In this study, we investigated the impacts of climatic variability and human activities on a 50-year long trend of runoff in the Songhua River Basin, Northeast China. We found a clear downward trend in the river basin’s runoff, accompanied by a declining trend of precipitation. However, the runoff decline was much greater than the precipitation decline, especially after 1974 when large-scale land use change and river engineering projects had been undertaken.
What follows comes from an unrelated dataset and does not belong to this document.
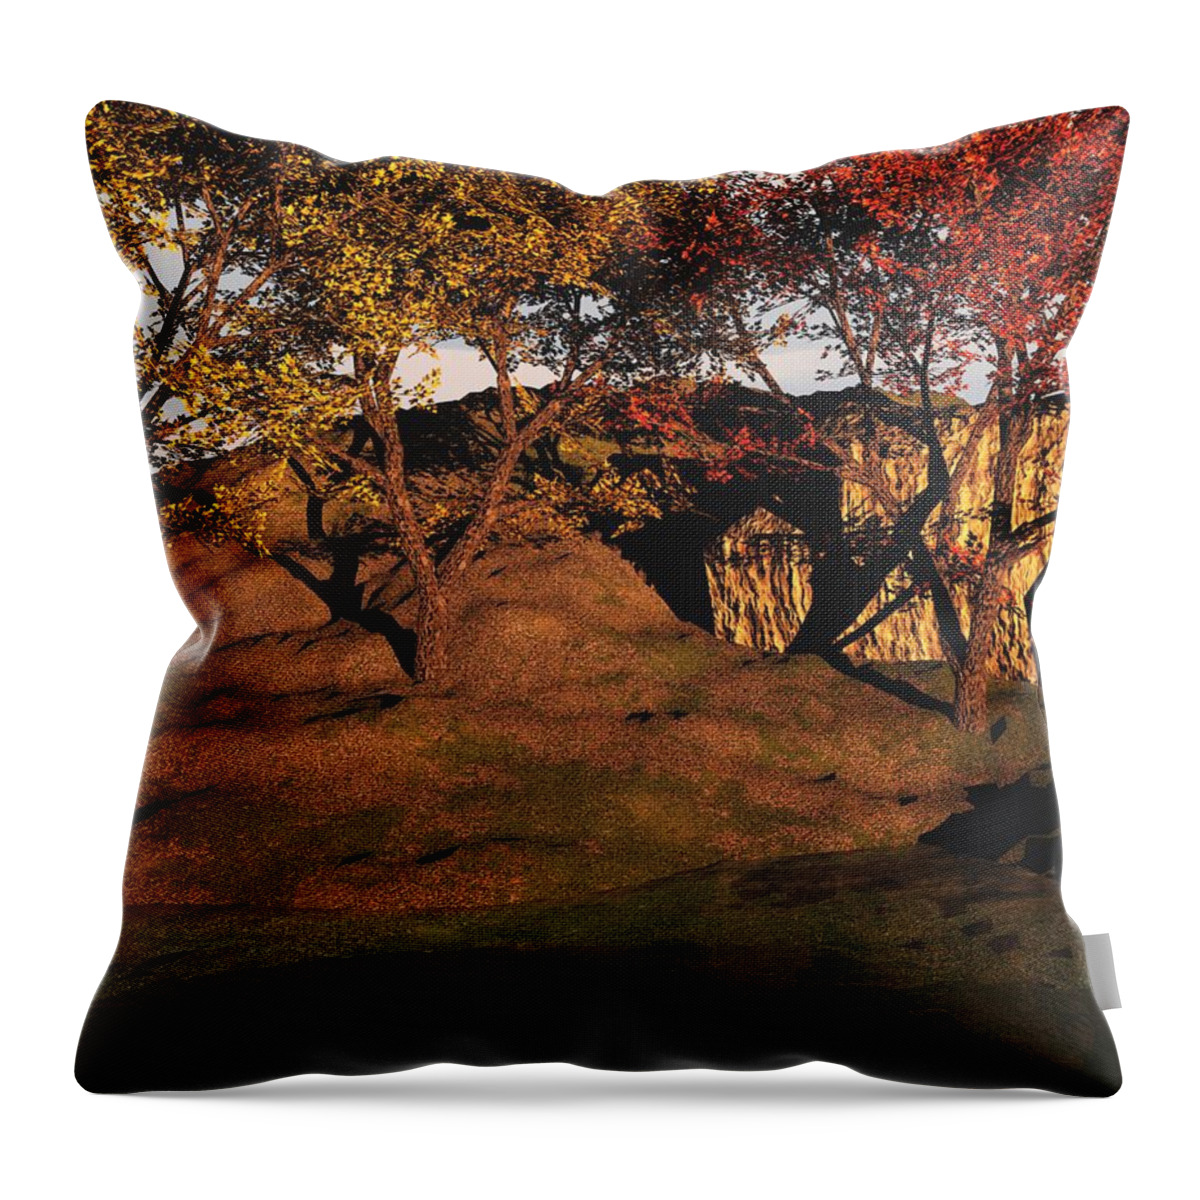 Autumn Throw Pillow featuring the digital art Autumn Grove by David Lane
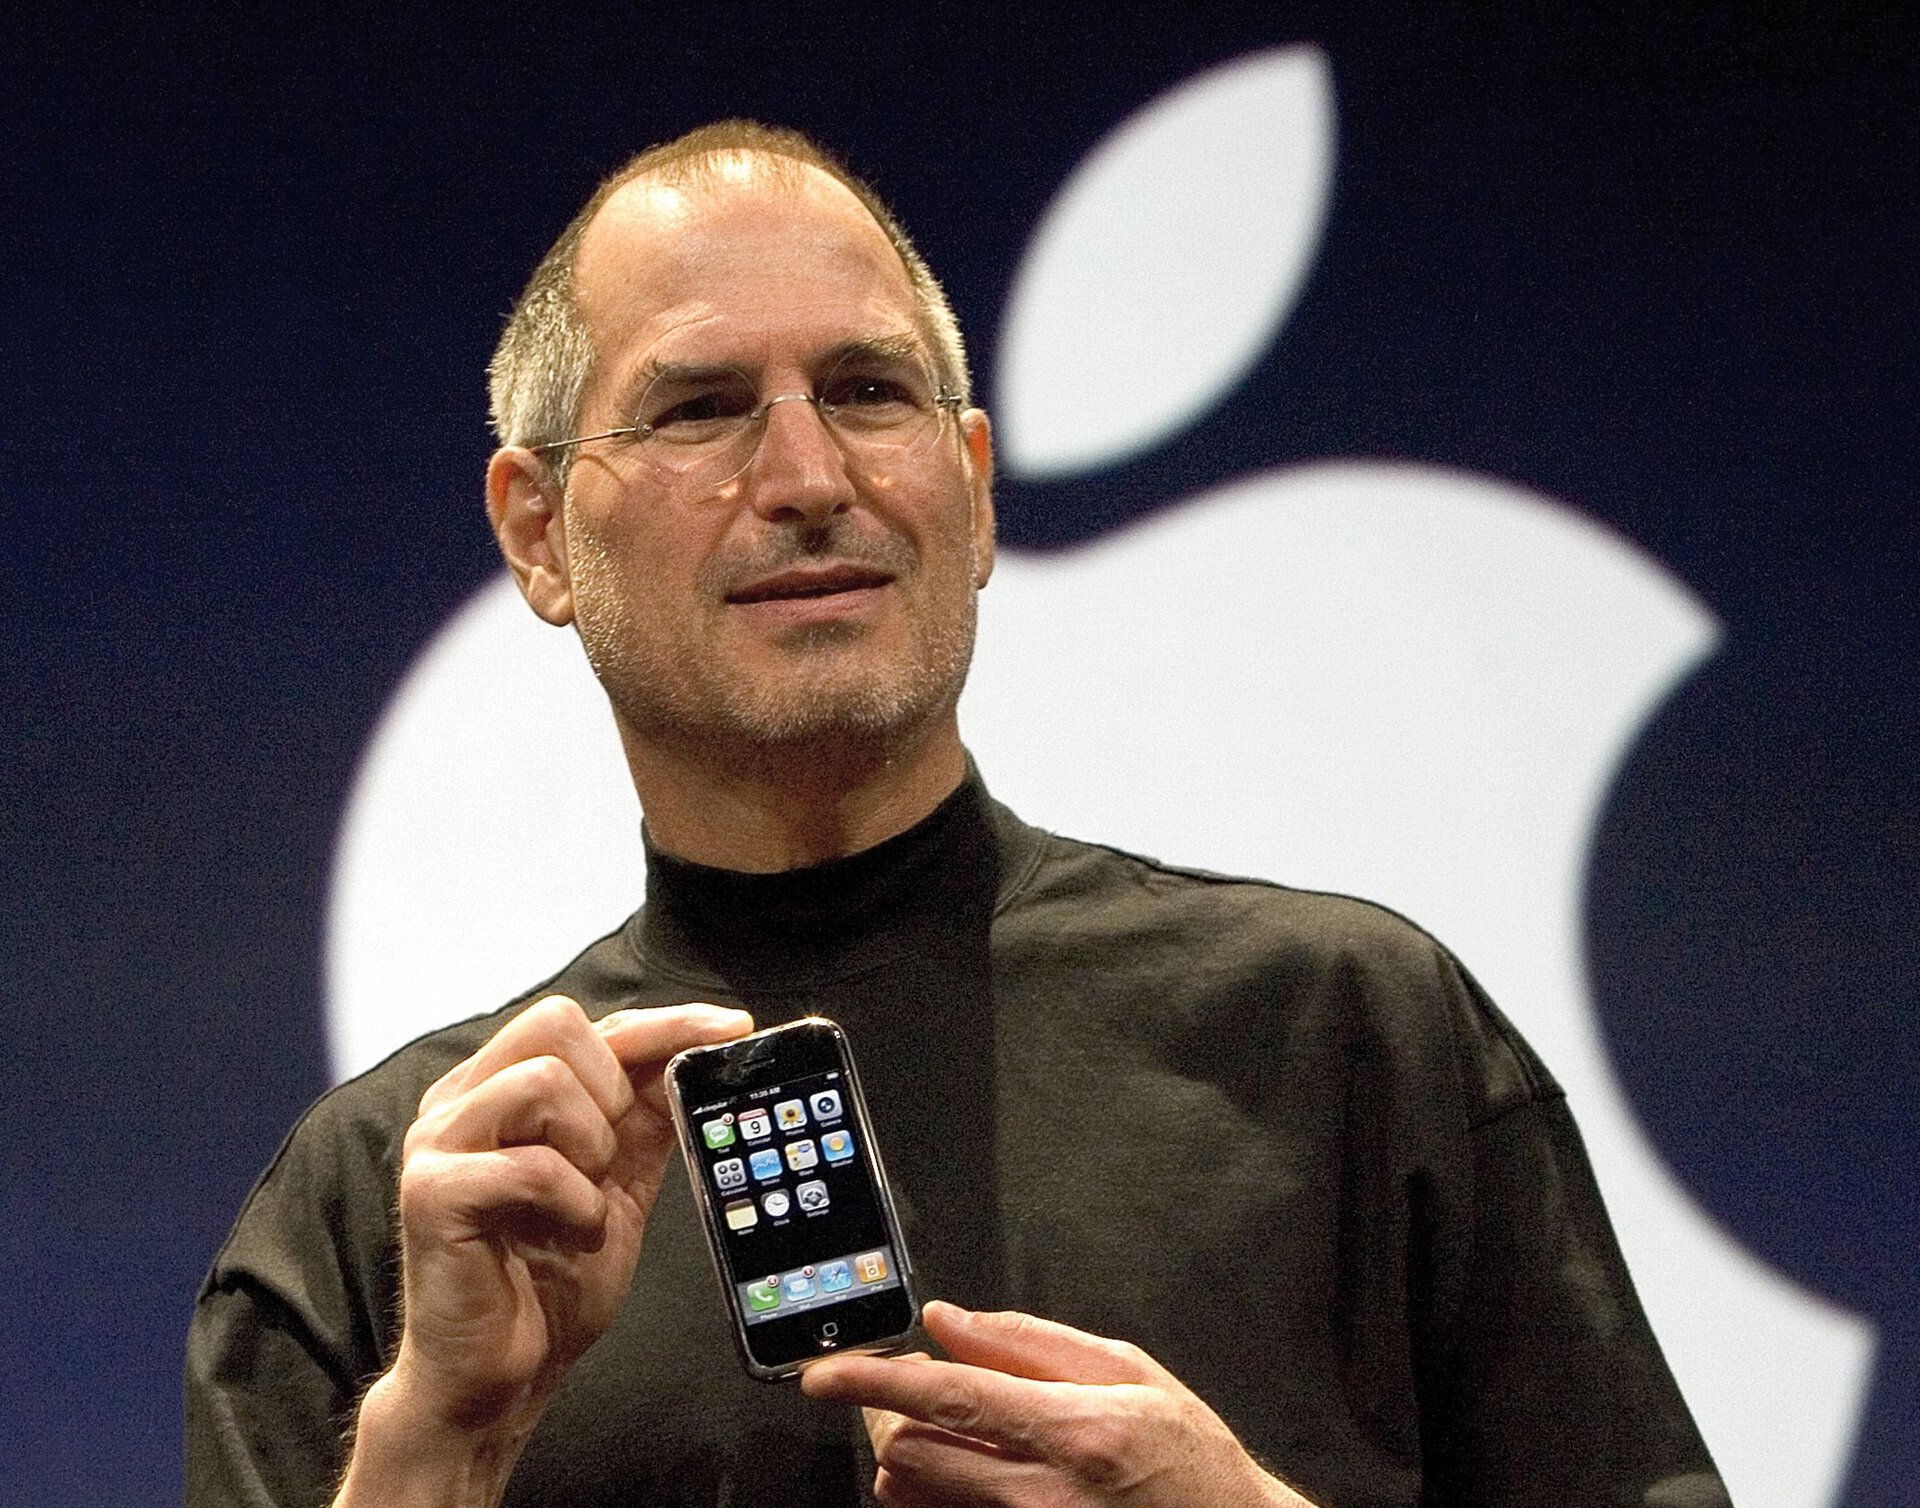 Steve Jobs holding the original iPhone.

The contribution of climate variation and human activities varied temporally and spatially. Generally, human activities contributed 62%–82% to the reduction of runoff for the entire study period of 1975–2009. However, climate variation was the main factor leading to the runoff increase in 1990–1999 in UNRB and LNRB as a result of the increase in precipitation and decrease in PET. Due to the more intensive human activities in the downstream basins, the effects of human activities were relatively stronger in the lower basin areas than in the upper basin areas. However, the impact of human activities in the upper basins has been increasing with more land development. Based on the findings we suggest adaptive management strategies to avoid the risk of water resources shortage in this region.